As I've already pointed out, halflings were not the only thing to change from 2E to 3E so you can't safely attribute any of 3E's popularity to the new halflings. It may well be that 3E was more successful despite the changes made halflings, not because of them. 



			
				Kamikaze Midget said:
			
		

> D&D dragons, for instance, are really nothing like classic medieval dragons, yet books on D&D style dragons continue to be one of the best-selling subjects in 3e.



 Col Pladoh certainly _added_ greatly to the concept of dragons but he didn't _replace_ very much. From the start, Col Pladoh had dragons that were large, pseudo-reptilian monsters with two wings, four limbs, hoarded treasure and breathed fire. Not so different from Smaug from _The Hobbit_. 



			
				Kamikaze Midget said:
			
		

> That's a pretty unfounded assumption, there. I don't think anyone can attribute D&D's success either in whole or in majority to any one aspect of D&D, but I can definately declare that it isn't because D&D was more true to the stereotype...only a small part, if any, of D&D's success was because of familiarity with the elements of it's fantasy.



Then why weren't other fantasy RPGs, many of which with more elegant rules mechanics but non-'stereotypical' fantasy, more successful?



			
				Kamikaze Midget said:
			
		

> Your point about Spelljammer and Dark Sun is not attributable to one point of either of these settings. Rather, the history on the issue suggests that these settings splintered the buyer base, which is too small to be splintered successfully. So it's not that they weren't successful, it's that they didn't make D&D as a whole successfull because the people who played DS wouldn't buy SJ.



IIRC they were not released or withdrawn at the same time so there were opportunities for one or other to prosper in an undivided market. NB that Greyhawk and FR have co-existed together for longer than any other D&D settings.  



			
				Kamikaze Midget said:
			
		

> You're confusing comfort with enjoyment. People are _comfortable_ with what they're familiar with. It's safe, it's known, it's controllable.

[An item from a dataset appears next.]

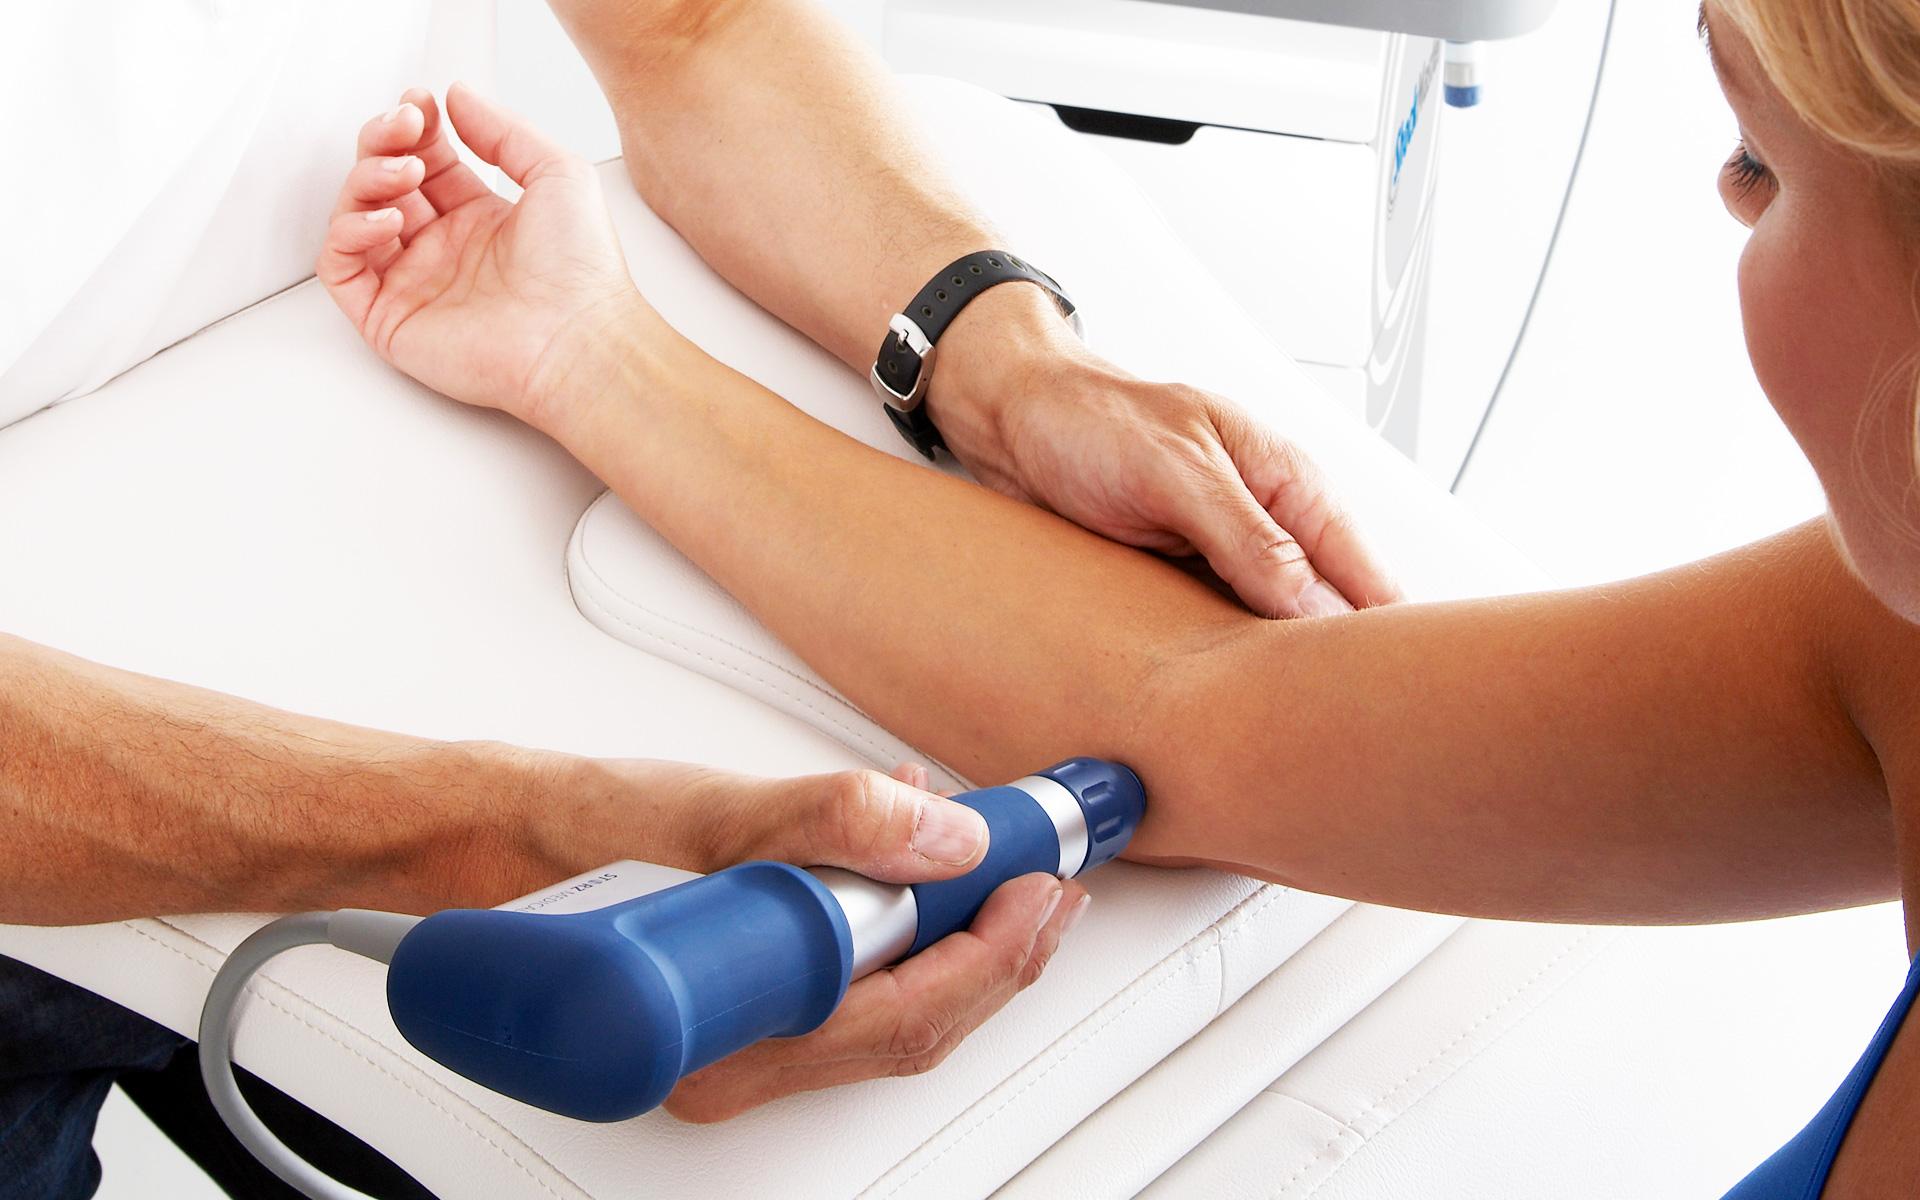 شاک ویو درمانی شاک ویو درمانی - shockwave elbow 1 - شاک ویو درمانی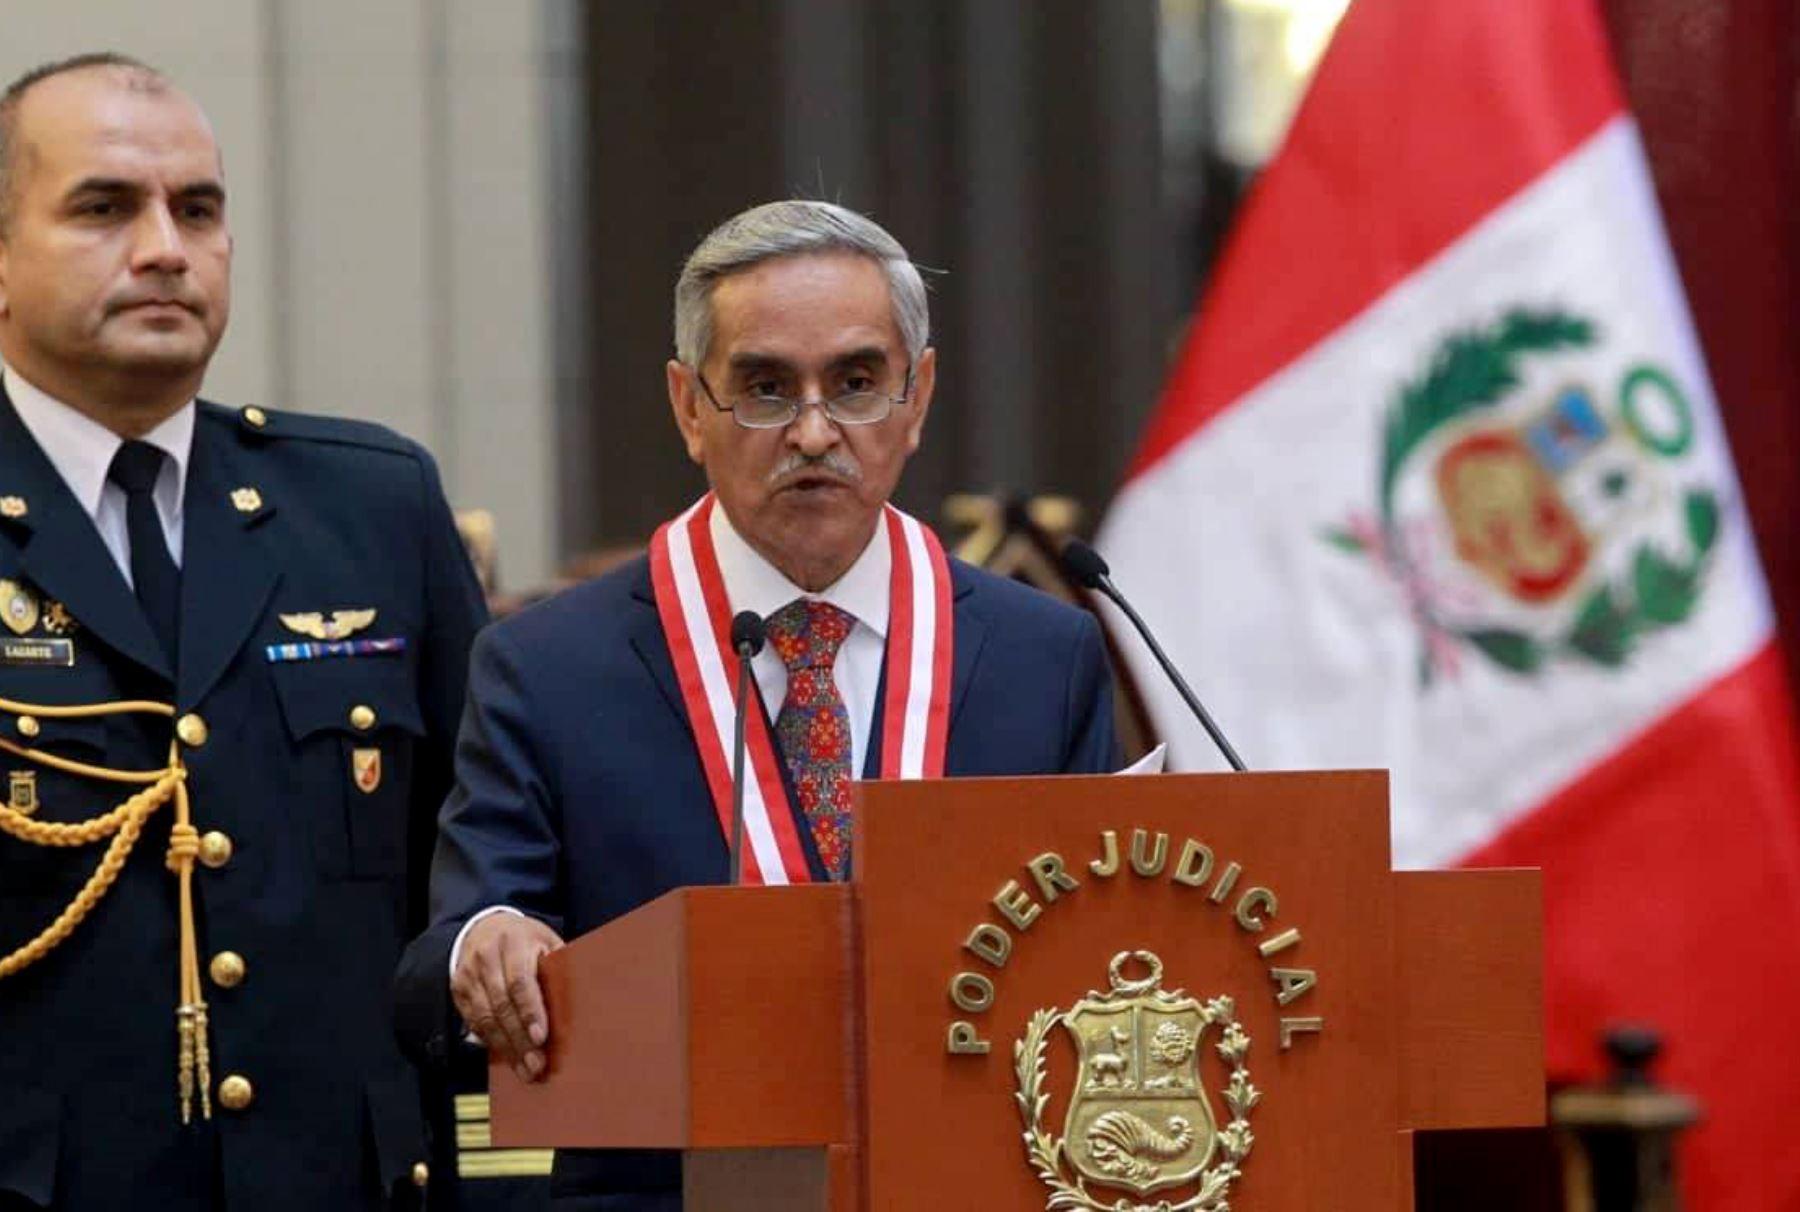 Presidente del Poder Judicial denuncia amenazas de muerte

The psychological dictum I mentioned was not created by me. People like what they're familiar with. No confusion.


----------



## Hussar (Sep 4, 2006)

Zander said:
			
		

> I was talking about Grimm's seven dwarves (or dwarfs) (as I think you know well). I haven't read Rumpelstiltskin since I was a kid (a looong time ago) but I seem to recall that they described him as a "little man", not a "dwarf".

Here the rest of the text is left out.